-- Supplied material --
........
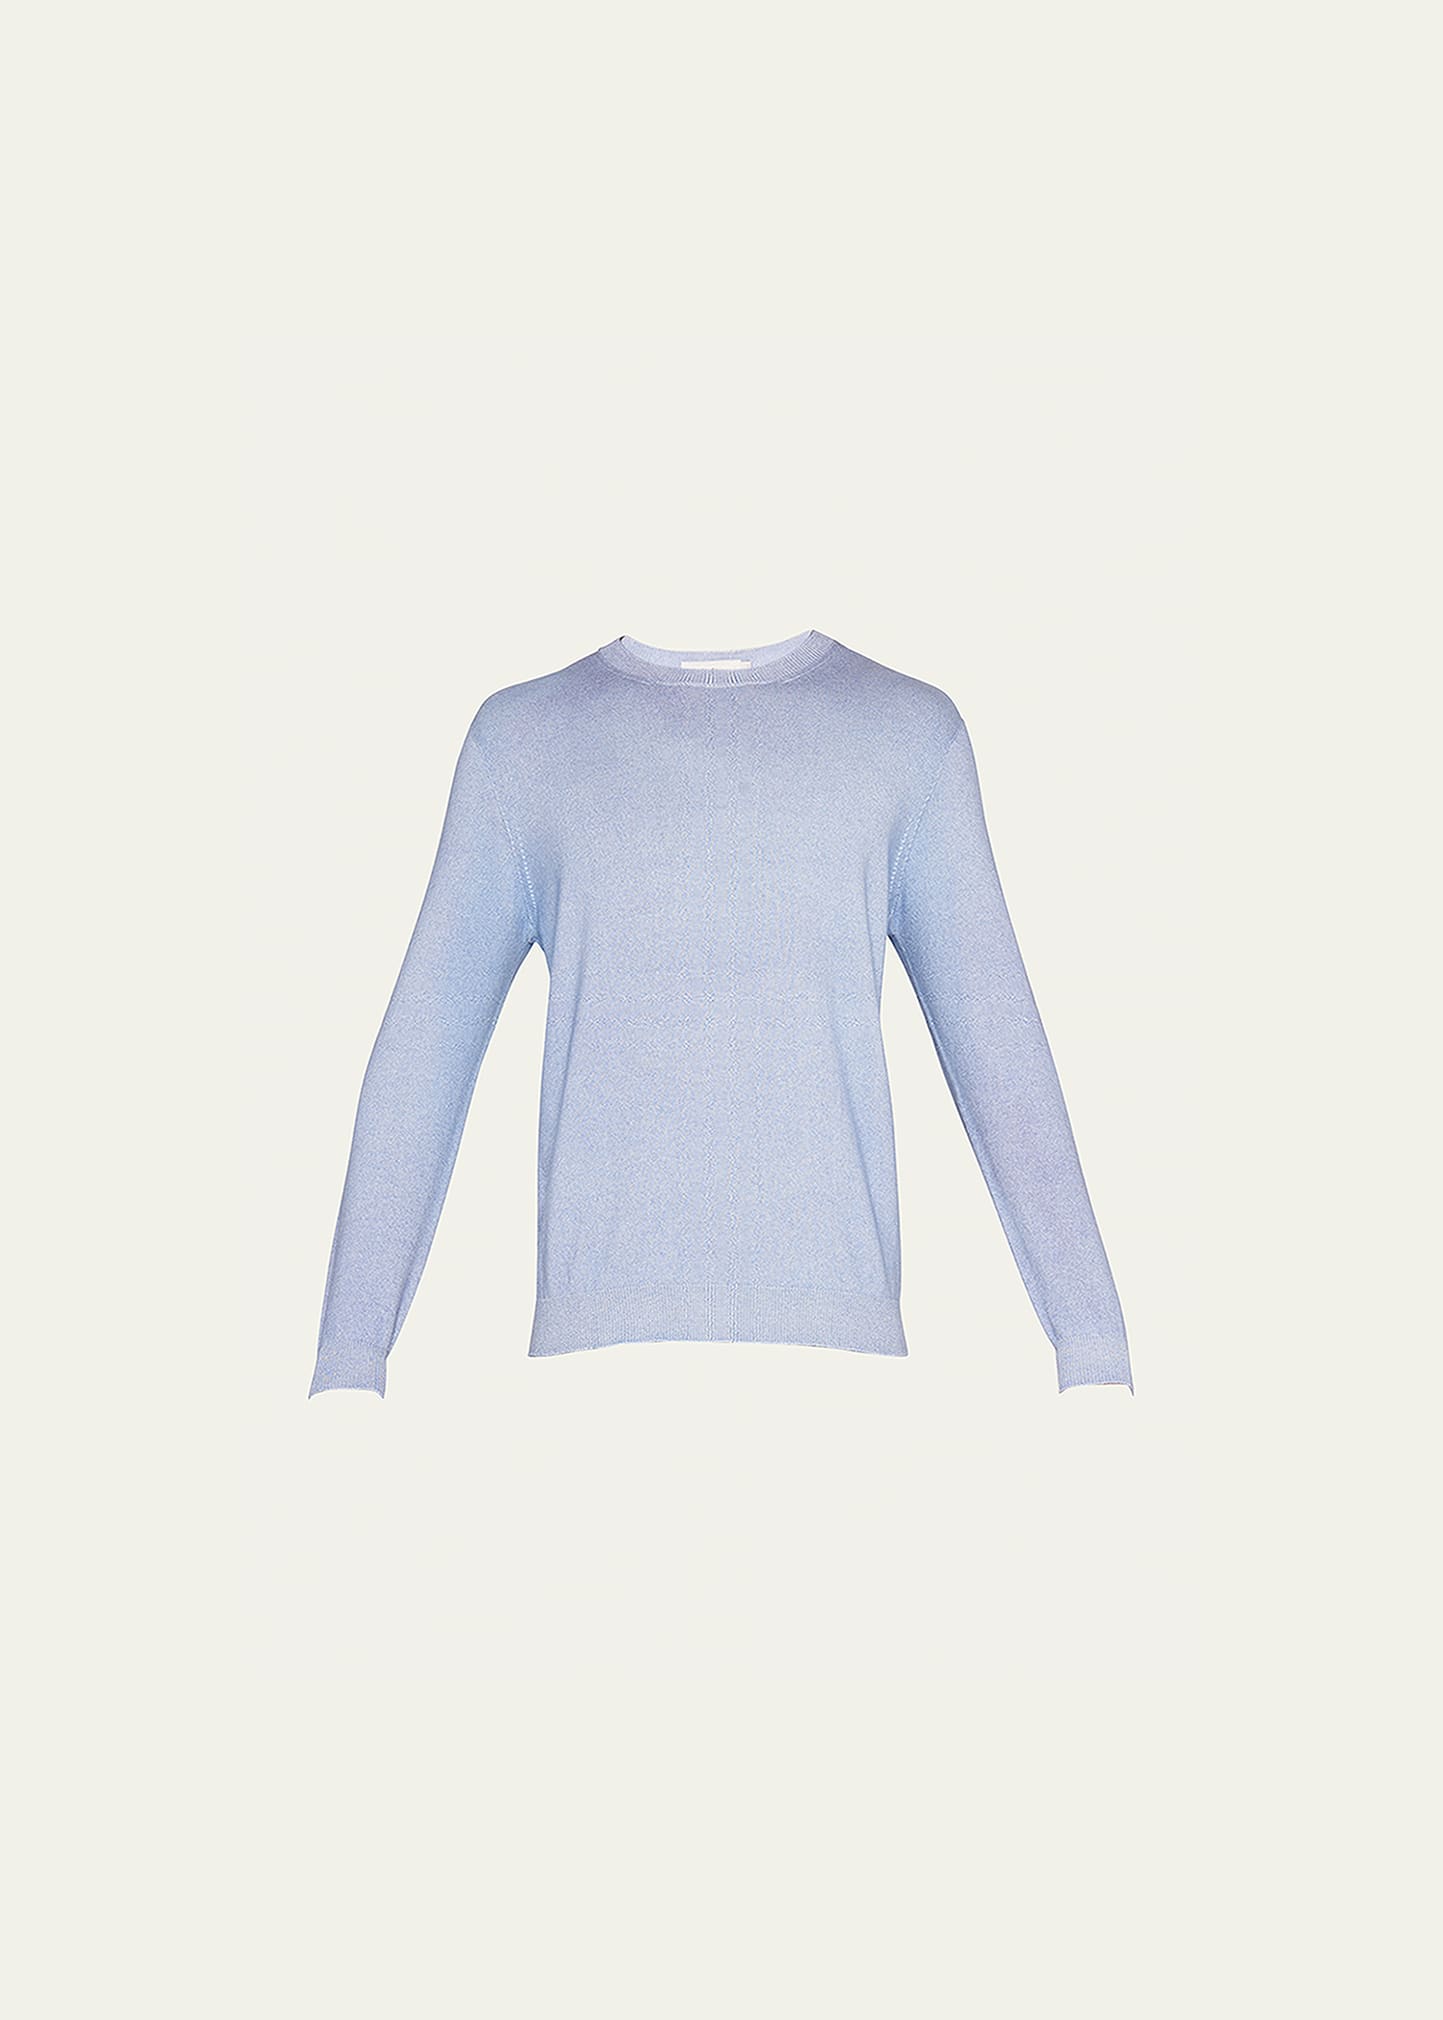 Men's Garment-Dyed Cotton-Cashmere Crewneck Sweater
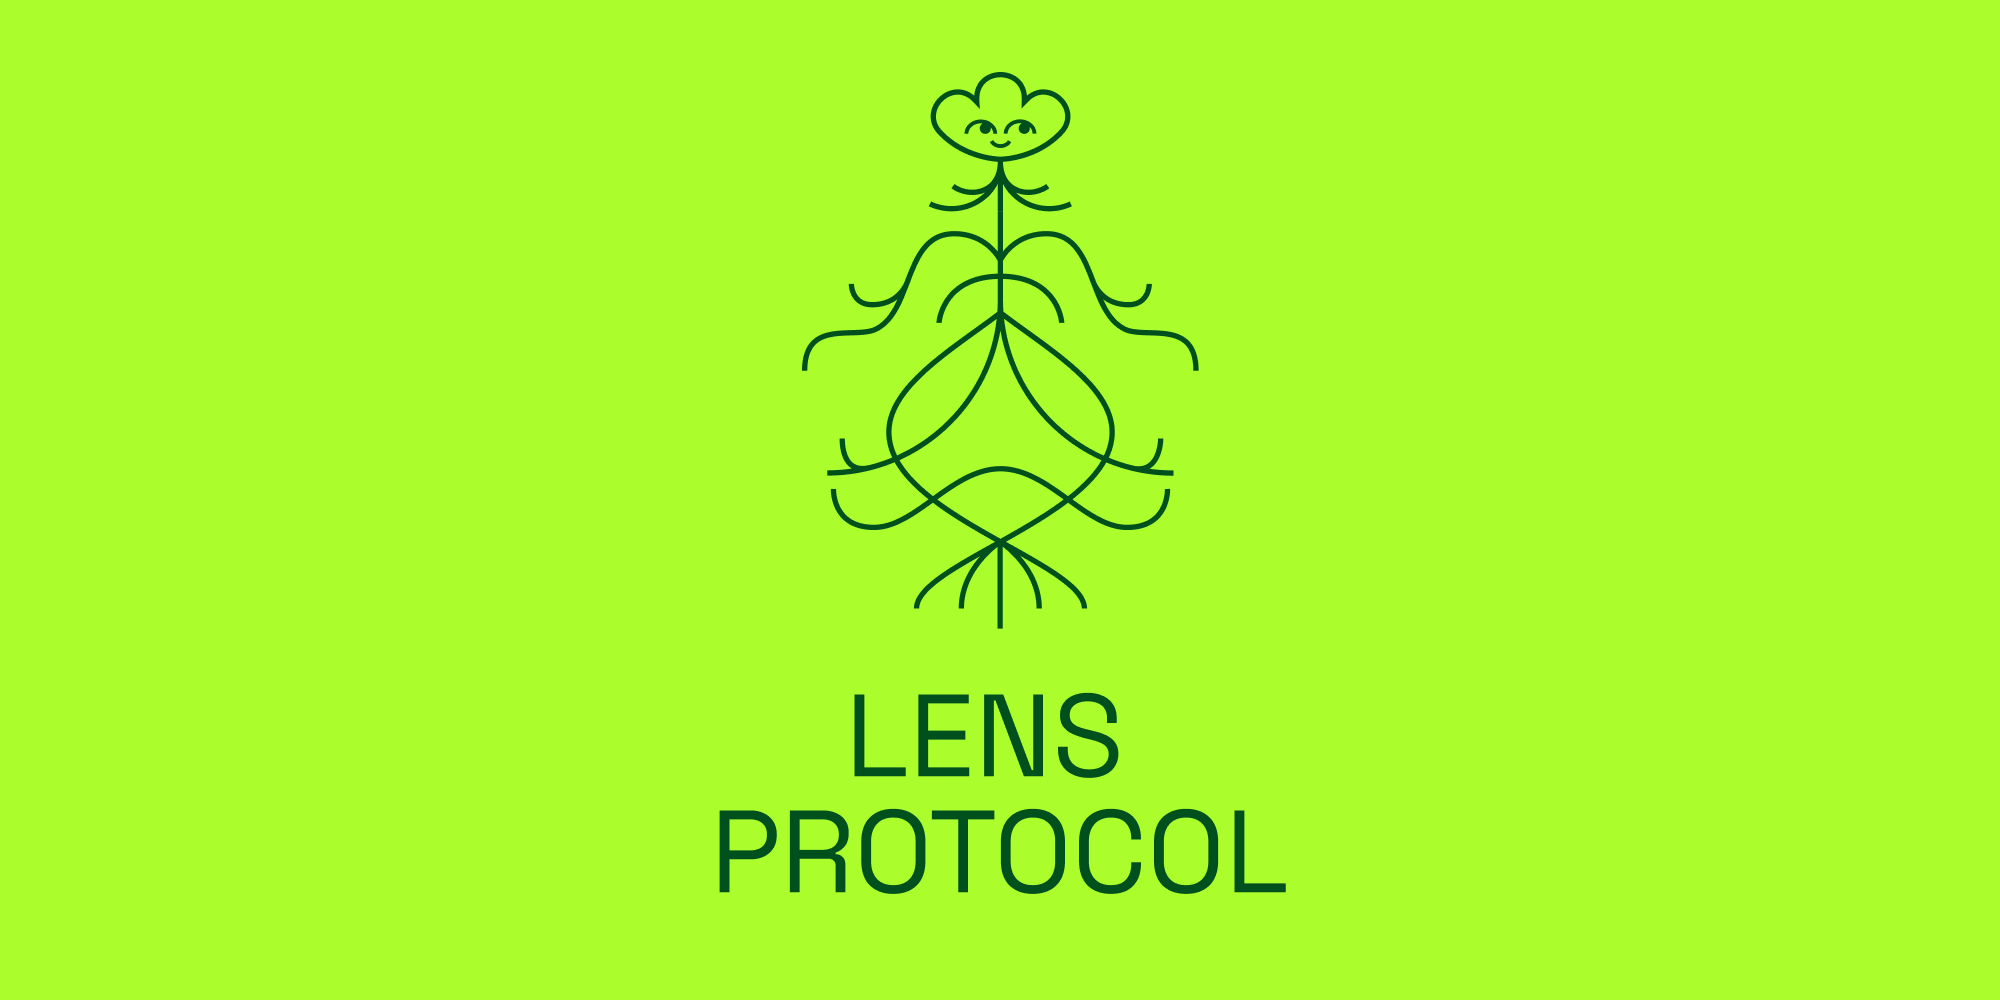 Lens Protocol tạm dừng các dịch vụ do gặp vấn đề về transaction - CoinViet
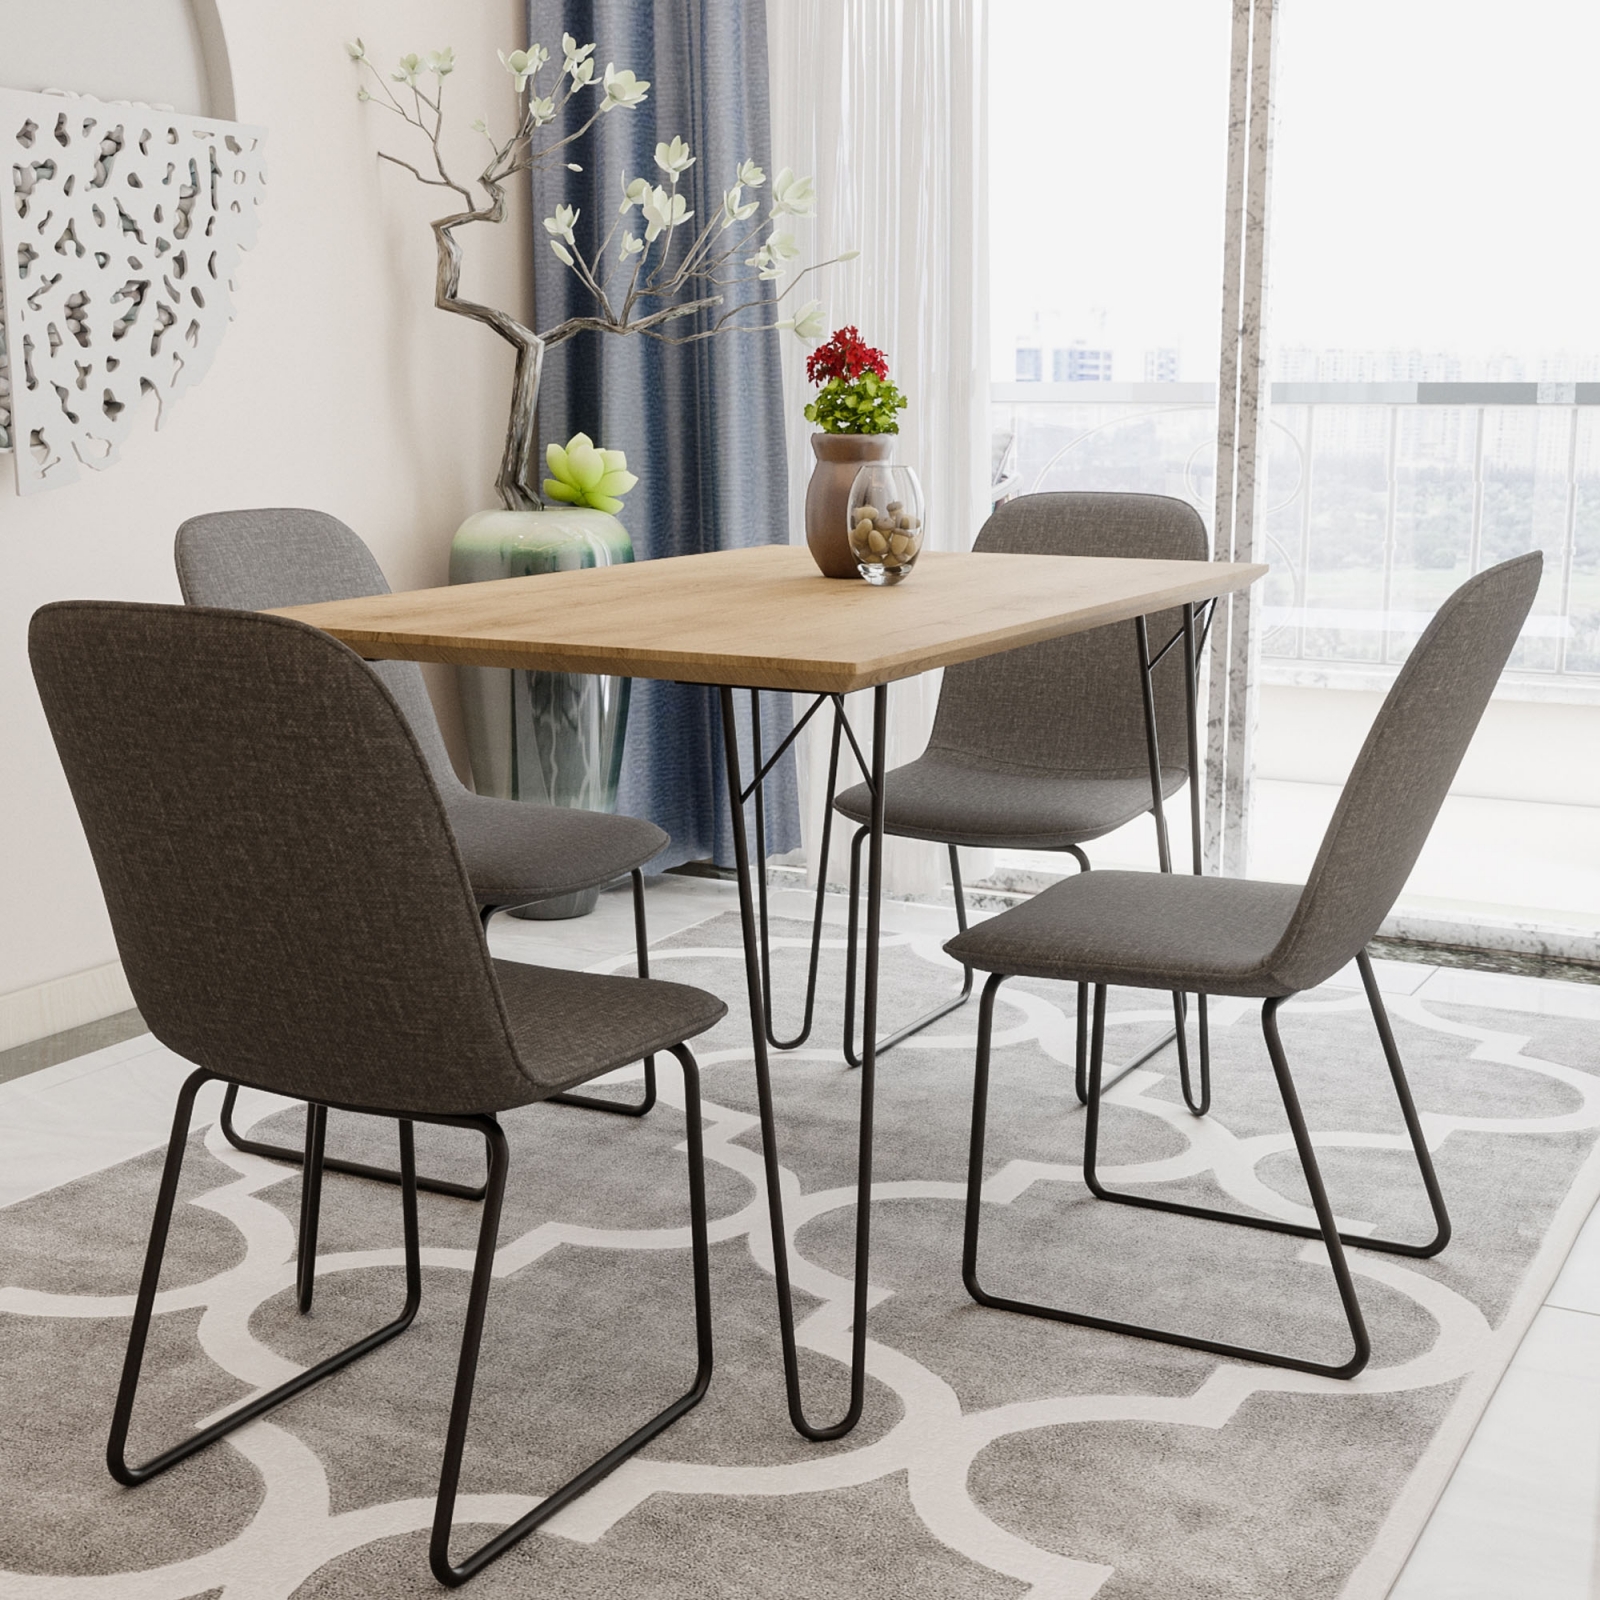 https://www.mobilier-deco.com/img/produit/lina-table-de-salle-a-manger-avec-4-chaises-1.jpg
........
The expected result is the material restated word for word, minus any picture.

 Men's Garment-Dyed Cotton-Cashmere Crewneck Sweater
 Lens Protocol tạm dừng các dịch vụ do gặp vấn đề về transaction - CoinViet
 https://www.mobilier-deco.com/img/produit/lina-table-de-salle-a-manger-avec-4-chaises-1.jpg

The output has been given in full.